Tuesday, January 18, 2005

Baby, It's a Wild World

There is some weird stuff happening in this world. I think everyone is attuned to the cosmic waves telling us that in 2005, there will be no jive. It will be a great year. All your dreams will come true, you will get a pony for Christmas, etc. But I've heard some disconcerting things in the past few days that are really making my right eyebrow raise.

Foremost: Your pets can get frequent flier miles. Someone at United's card-making company actually has to print out a Frequent Flyer card that says in raised letters "Sparky" or "FuFu." That is awesome. But why stop there? Let's give them picture IDs on the back, so that way Reefer the Doberman can't give his card to Stella the poodle and scam the already-faltering airlines. Don't let animals start abusing US!

Hooray for Animal Rights!!

Next: There was this dude who was all over the news yesterday for going into the dentist with a toothache. It had been going on for some time, so they took an x-ray. There was a four inch nail in his head. He didn't know how it got there. But it was just gently resting on the front part of his brain.

We all know this happens all the time. I find it unbelievable that four inches of metal would find it's way into your body's communciations center without you noticing at some point, but hey. This world is full of unexplainable shit. Jon Lennon got shot but Yoko still lives, that's one of those things for sure. Want another? Why do the French spell Bologna like that? What is with their language, anyway?

I also wonder why this guy got on the news. Did Sanjay Gupta of CNN snort his v8 out his nose when some doctor told the story over danish and coffee? Mmm. Danish. Mm. Nails.

What do people who have gone through such traumas do with the foreign object that pierced them? I would save it, definetly. I think he should build some sort of commemorative helmet, or a dog house...and just put the nail in the top like an antenna. Maybe put a little tinsel on it.

moving on...

Option C: In Germany, men will be competing against each other in a reality show that races their sperm. Yeah, they're getting guys from all walks of life--celebrities, old dudes, health nuts, and the rest all to go to a sperm bank, make the donation in a test tube, and it will be shuttled to the studio. Then a chemical that is similar to the one secreted by an egg will be put into swimming reach, and the spermies will race each other.

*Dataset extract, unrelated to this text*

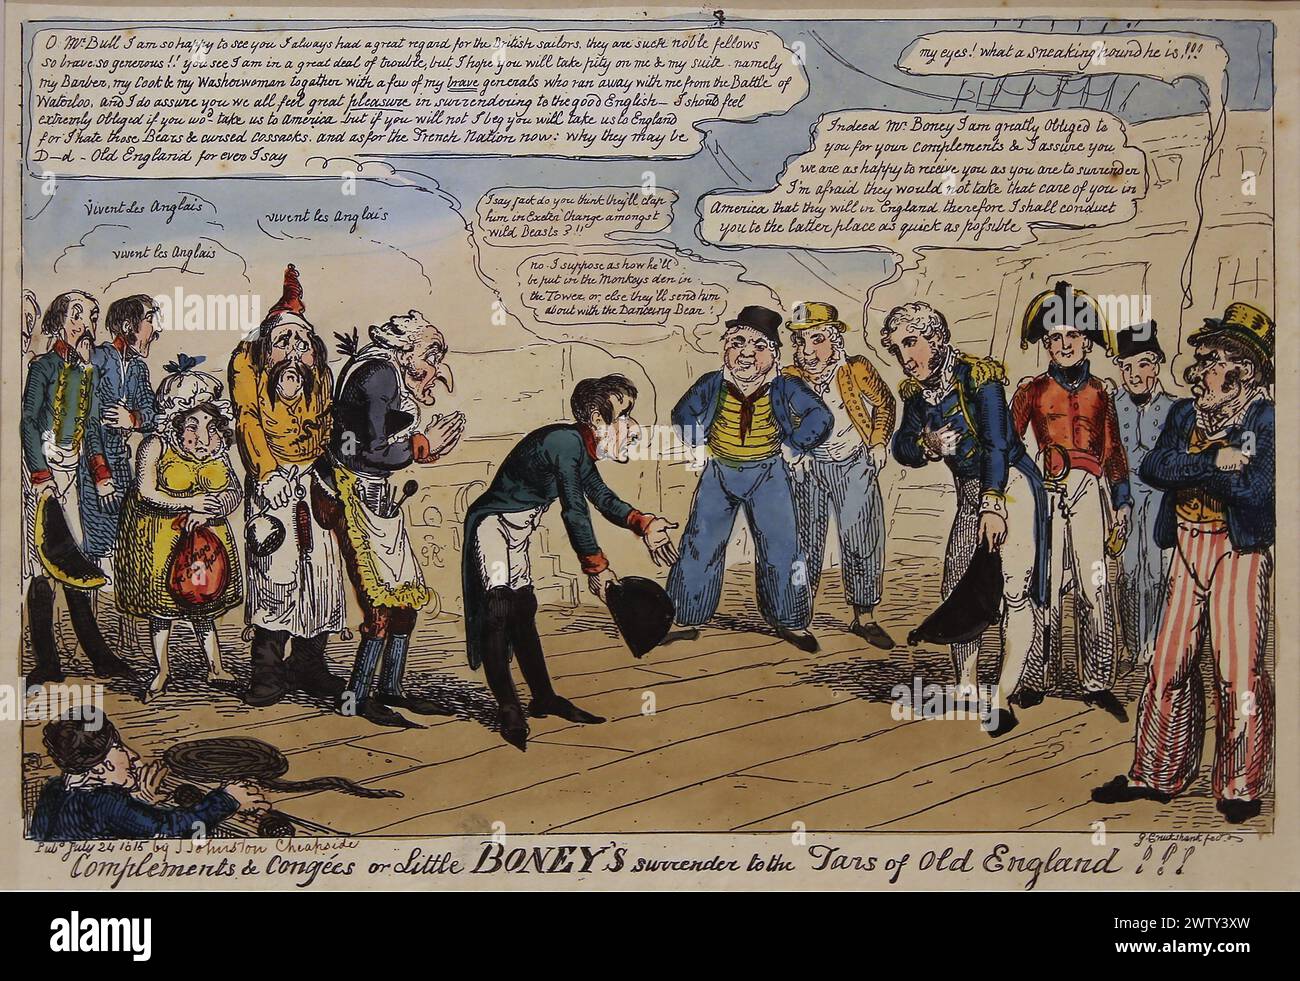 English comic strips also decredit their opponent (the Napoleonic France). The surrender of Napoleon. Engraving, 1815. Stock Photo

This is, like, car-accident reality TV. I would absolutely watch this show. I would name all 500,000 of the soap-opera star's sperm and cheer them on. I would pick the vegan to win, just because I know that his sperm are too pale and sickly to make it. I would secretly hope that other sperm would turn gay and flee from the scene, not wanting to be a part of this heterosexual charade.

Wow. And the winner gets a Porsche. This has all those baby-loving feminist hags in a frenzy...."This is immoral!" they shout while clubbing a man over the head with their fake Fendi purses. "This is giving people the wrong idea! The prize should be a baby! Not a Porsche!"

Now, quite frankly, if science and the rules of nature got turned on their ear and I could fuck the most virile man AND receive a pricey sportscar instead of an unwanted pregnancy, I would be into that (Wait a minute. Some girls do that right now. Hey...) Maybe we should consult God on this one. Is it really that important to keep the population growing? Can't we instead embark on a journey to destroy the environment AND get laid more often sans consequences?

No more birth control! Give me some driving gloves!